Using raw SQL instead of an ORM is one of the best examples of premature
optimization I can think of (unless you are very very good at SQL and have a
very complicated structure).

------
Myrmornis
This is great. Both for beginners to learn, and it looks useful also for
bootstrapping toy projects, and creating integration test suites for non-
standalone django libraries.

------
yeukhon
I've used Django before version 1.0 That's 3-4 years ago. The tutorial is
pretty good, though I took my time to understand every bit of piece. At the
time the best book anyone could get was _The Django Book_
([http://www.djangobook.com/en/2.0/index.html](http://www.djangobook.com/en/2.0/index.html)),
which unfortunately has ceased development.

I don't use Django these days but the hard part I remember was using signal.
Getting deep into the core to fit needs is hard of any framework.

There are many tutorials just covering the basics of the framework. Then the
author stops because eventually the complex stuff like handling long
computation, message queue, openid/oauth/ldap integration, load balancer are
very project dependent.
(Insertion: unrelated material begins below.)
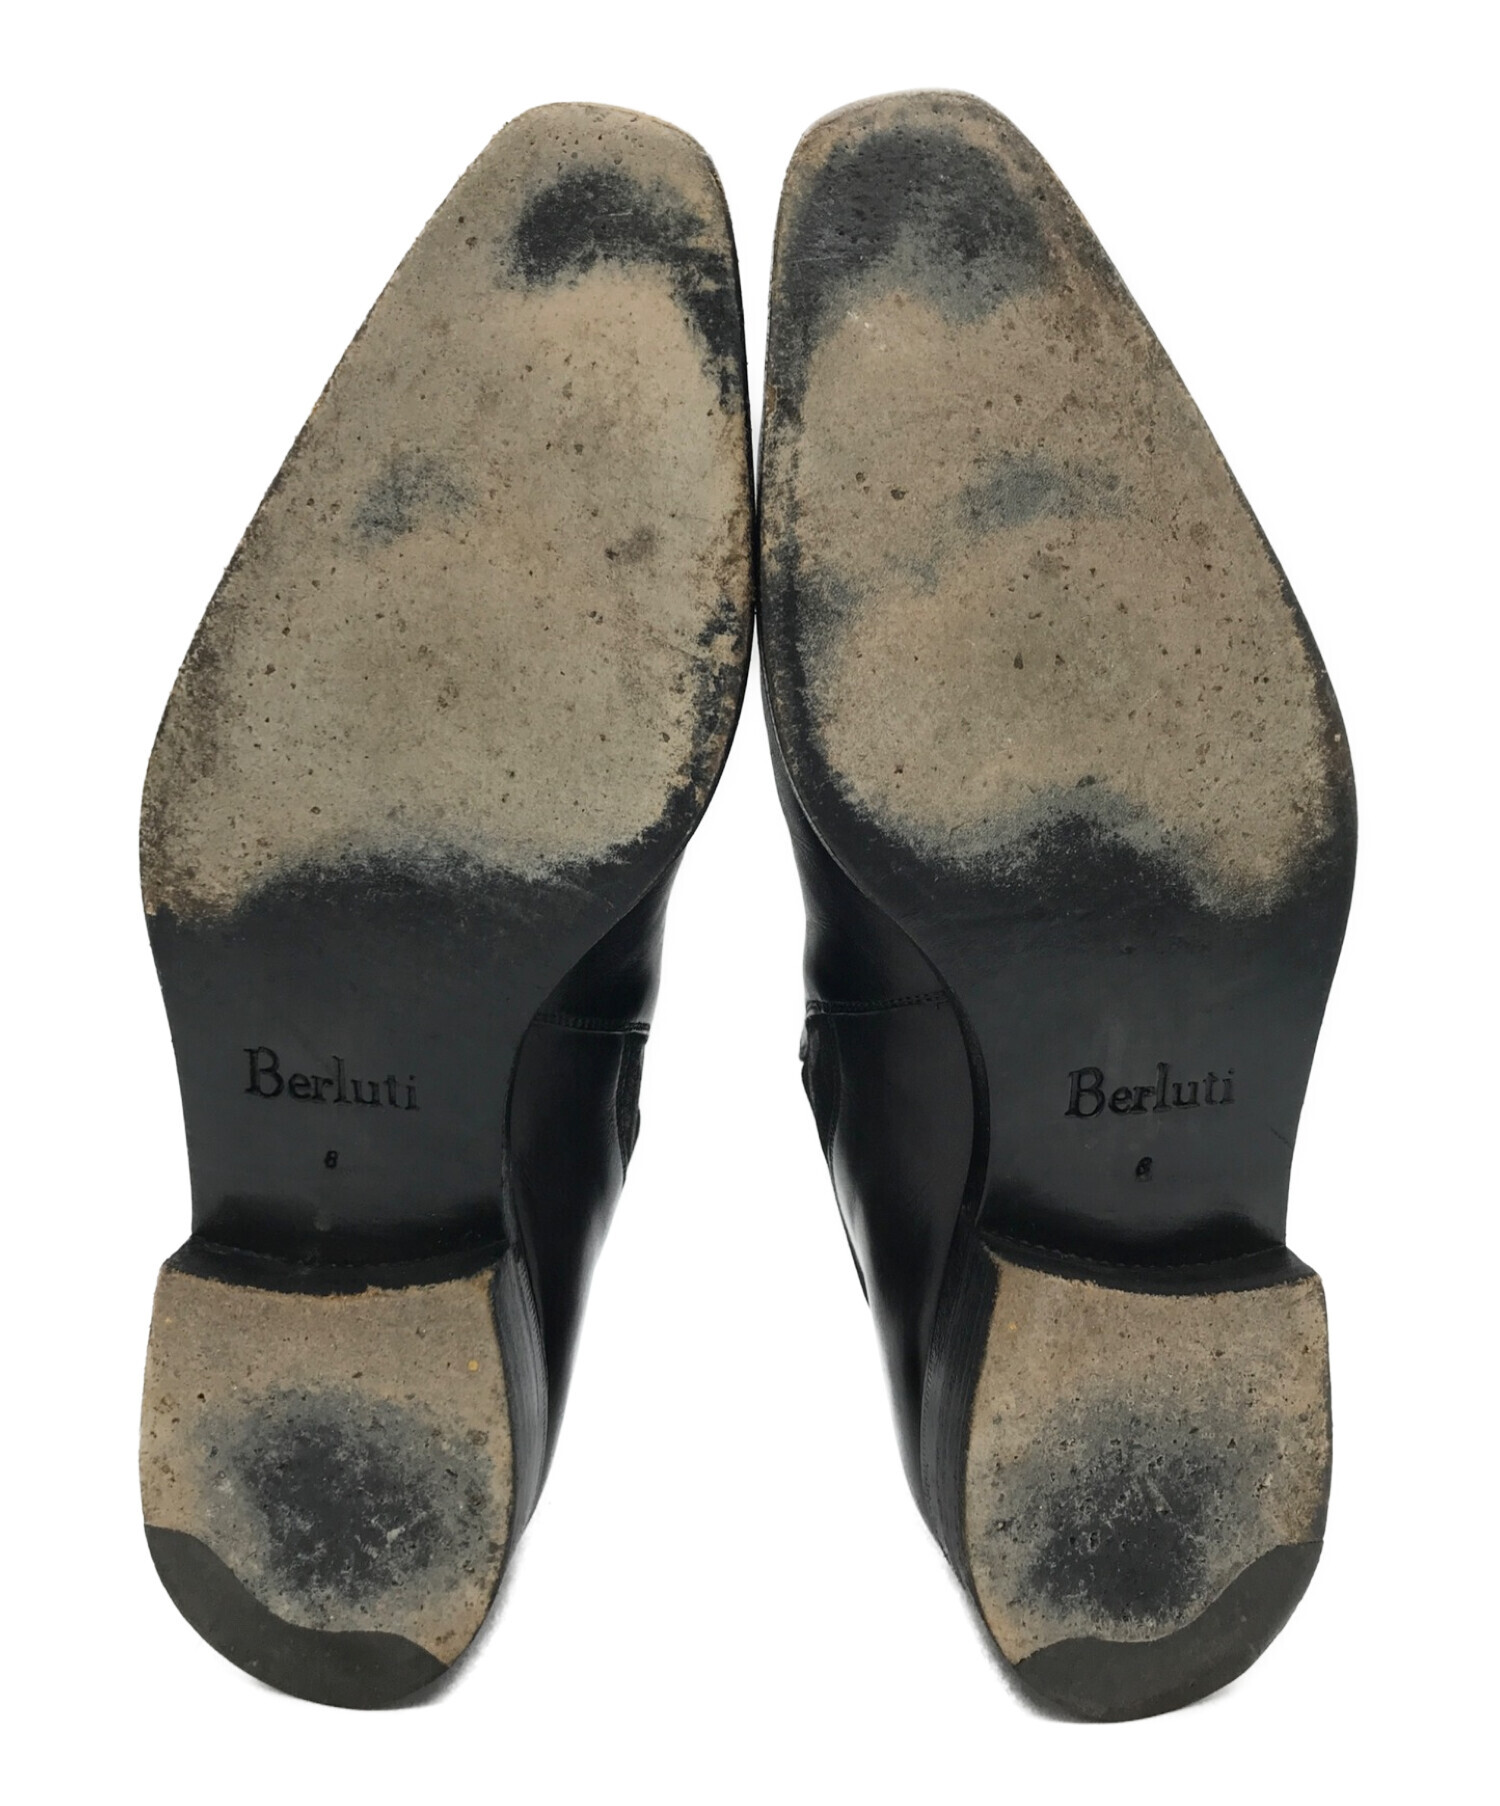 Berluti (ベルルッティ) サイドゴアショートブーツ ブラック サイズ:8
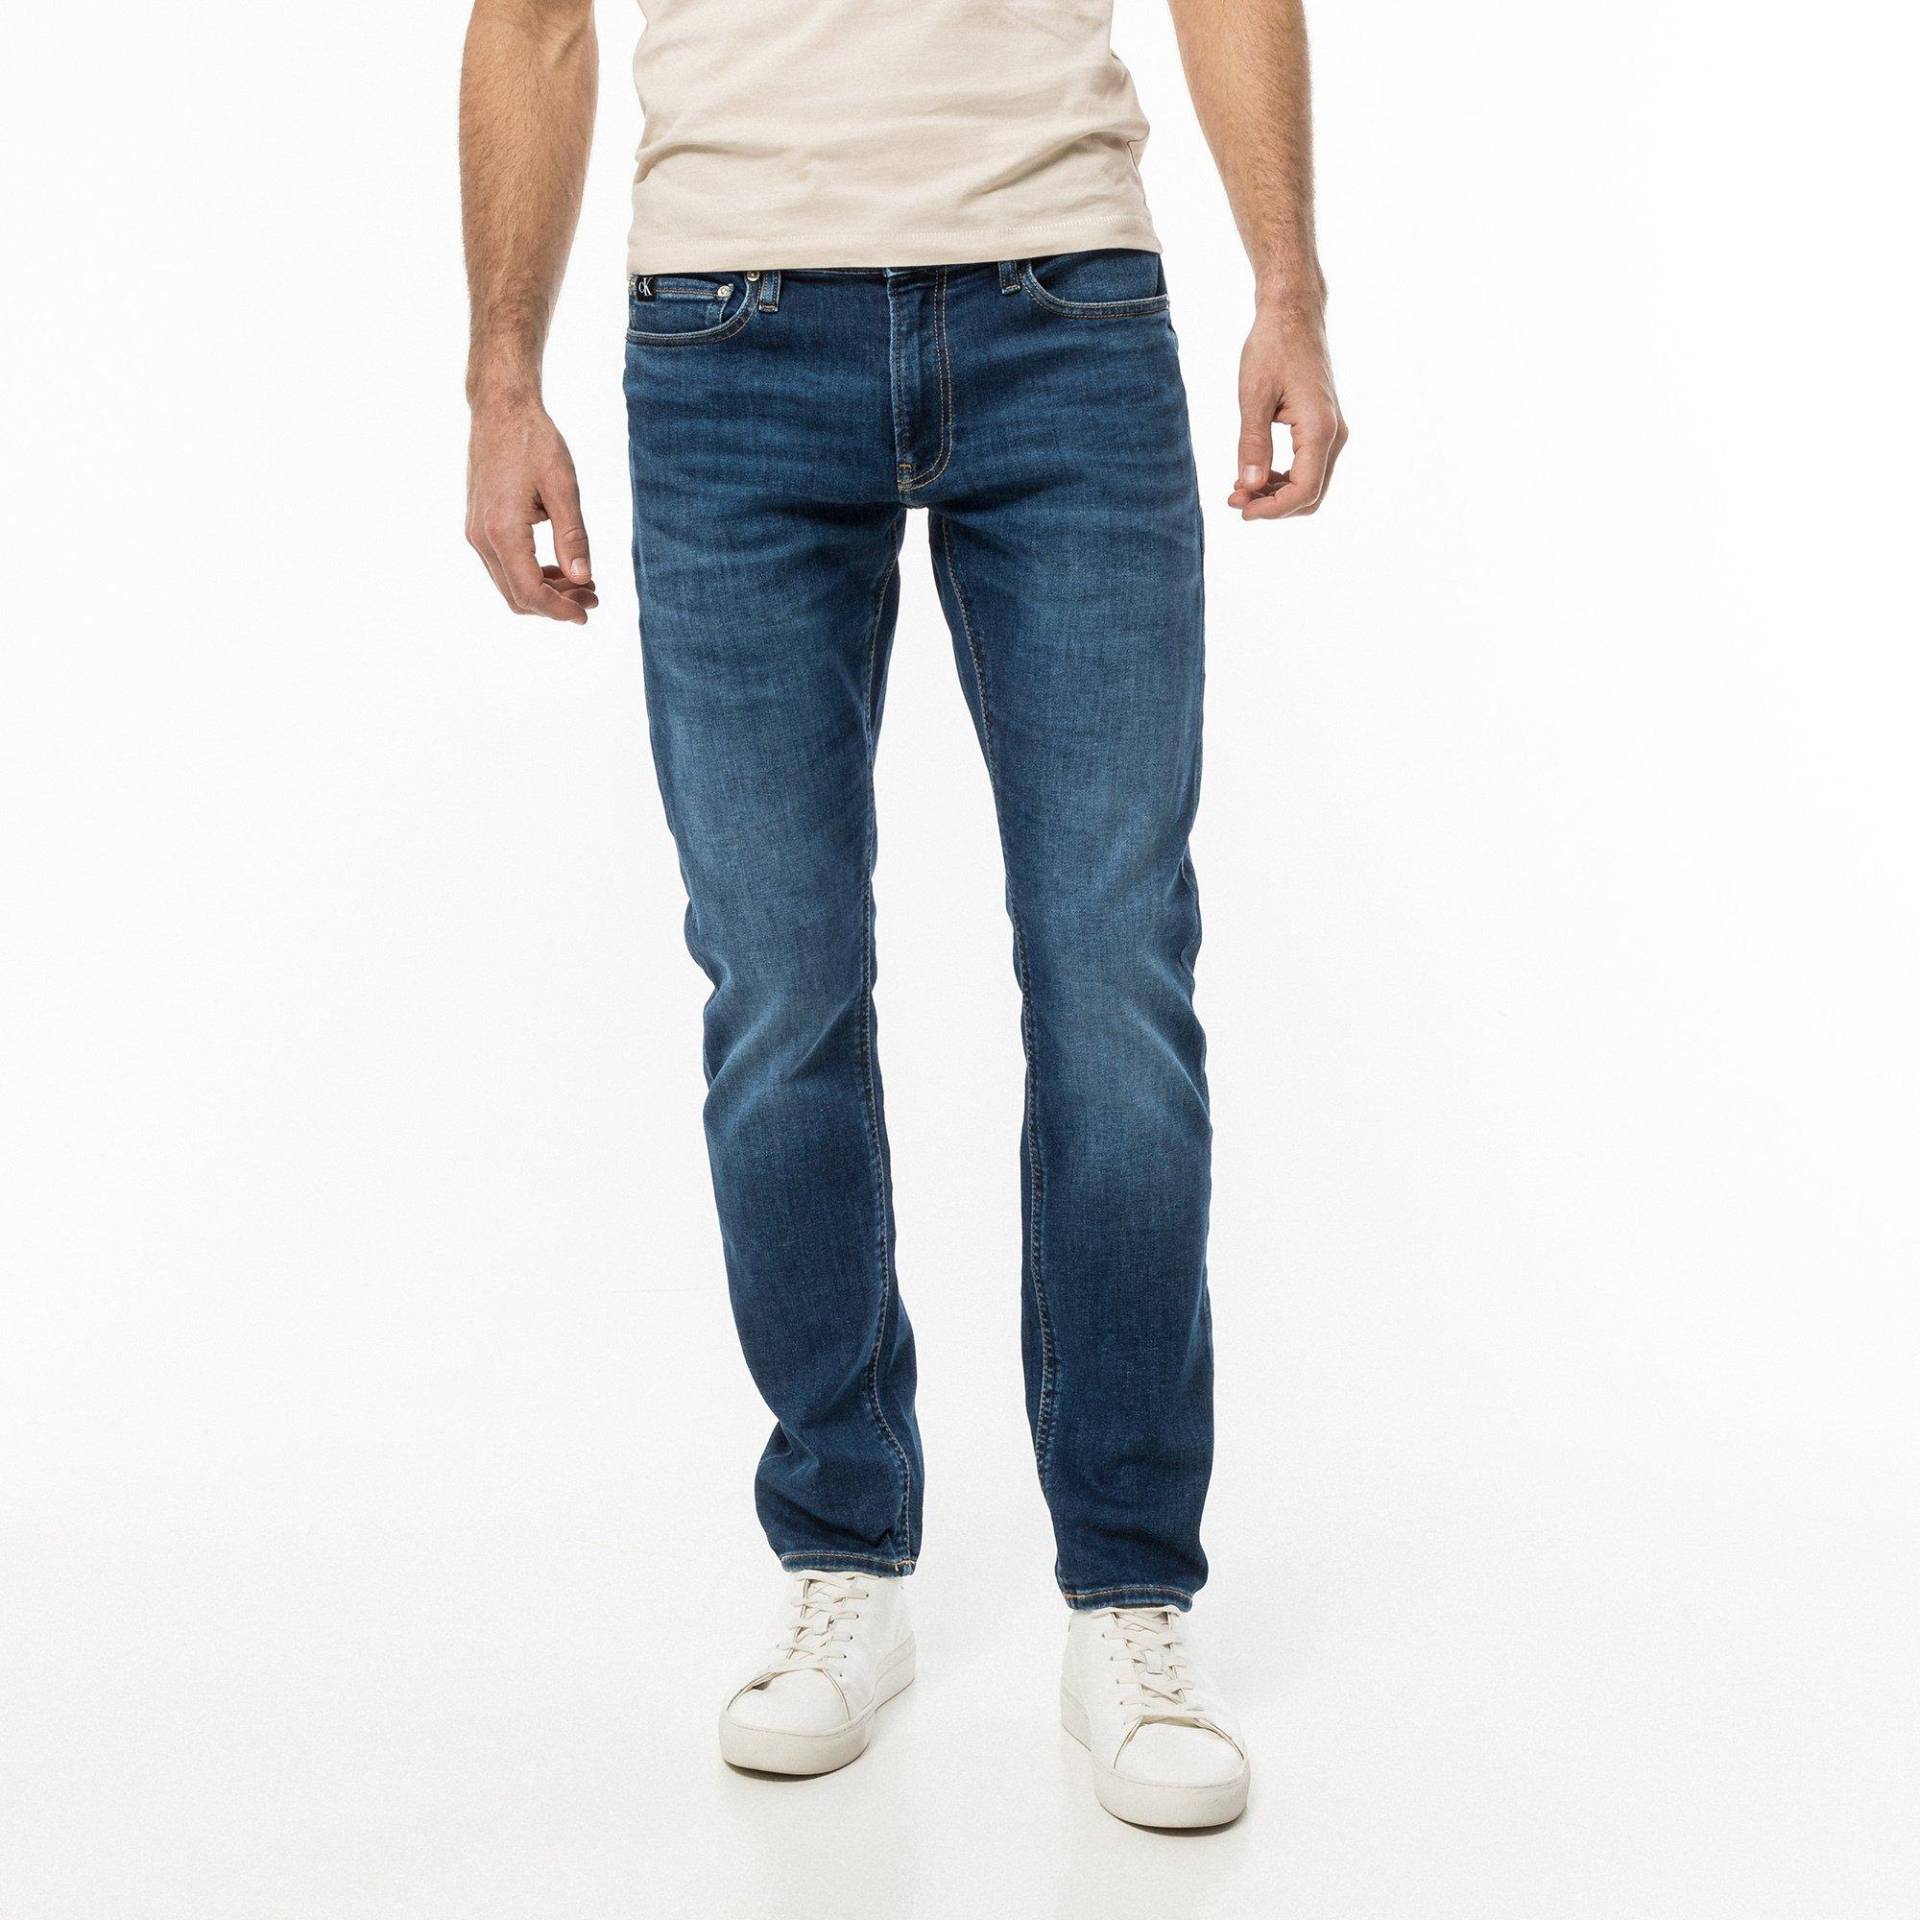 Jeans, Slim Fit Herren Dunkelblau L34/W32 von Calvin Klein Jeans

While that's true, and every tool's author must have
some "tutorial" on how to use his or her tool, but this independence (or shall
I say decentralized) can be a burden on beginner.

I am very much like to think we should have a book that can cover more tool
integration.

------
jbeja
This is the tutorial that wouldn't got me scared the first time trying Django.

------
blazespin
The problem with the default django tutorial is that it gives you the
impression that you need all those pieces in place for it to work. This seems
like and gives the impression of an inflexible architecture. Django doesn't
need a specific set of components to be useful and tutorials which shows off
that side would be useful.

For example, someone might want to use django with cassandra. The current
default tutorial would discourage a user from doing that as it gives the
impression that a SQL backend is required.

Simpler, more decoupled tutorials might also attract a user base who have more
modern ideas on how to use django in different environments. We certainly need
those innovators to push things forward .. look at what they have done for
javascript over time.

------
tbatterii
getting rid of regex based routing would make it even simpler.

------
mladenkovacevic
The author creates their own BASE_PATH but I think in Django 1.6 this is taken
care of by a built in BASE_DIR

------
tbarbugli
Django is not a lightweight framework